On Mon, Oct 26, 2015 at 3:23 PM, Dave Chinner <david(a)fromorbit.com> wrote:
On Mon, Oct 26, 2015 at 11:48:06AM +0900, Dan Williams wrote:
> On Mon, Oct 26, 2015 at 6:22 AM, Dave Chinner <david(a)fromorbit.com> wrote:
> > On Thu, Oct 22, 2015 at 11:08:18PM +0200, Jan Kara wrote:
> >> Ugh2: Now I realized that DAX mmap isn't safe wrt fs freezing even for
> >> filesystems since there's nothing which writeprotects pages that are
> >> writeably mapped. In normal path, page writeback does this but that
> >> happen for DAX. I remember we once talked about this but it got lost.
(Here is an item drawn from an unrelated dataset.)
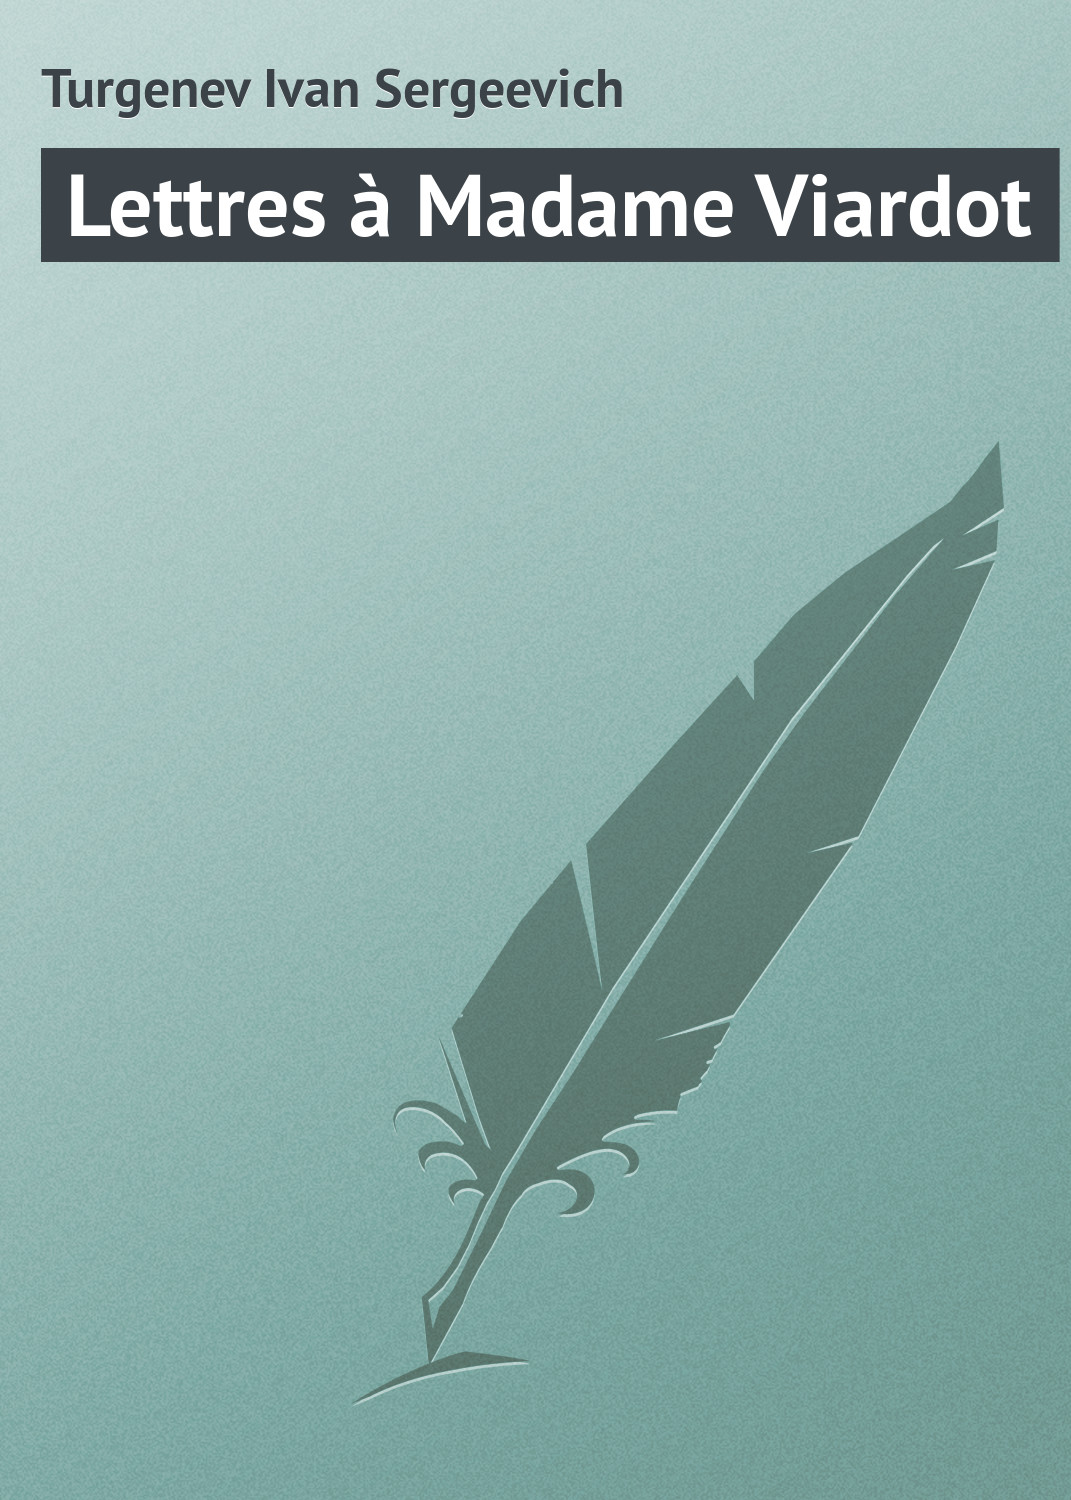 Книга Lettres à Madame Viardot из серии , созданная Turgenev Ivan, может относится к жанру Зарубежная классика. Стоимость электронной книги Lettres à Madame Viardot с идентификатором 23166707 составляет 5.99 руб.

> >> We need something like walk all filesystem inodes during fs freeze and
> >> writeprotect all pages that are mapped. But that's going to be slow...
> > fsync() has the same problem - we have no record of the pages that
> > need to be committed and then write protected when fsync() is called
> > after write()...
> I know Ross is still working on that implementation. However, I had a
> thought on the flight to ksummit that maybe we shouldn't worry about
> tracking dirty state on a per-page basis. For small / frequent
> synchronizations an application really should be using the nvml
> library  to issue cache flushes and pcommit from userspace on a
> per-cacheline basis. That leaves unmodified apps that want to be
> correct in the presence of dax mappings. Two things we can do to
> mitigate that case:
> 1/ Make DAX mappings opt-in with a new MMAP_DAX (page-cache bypass)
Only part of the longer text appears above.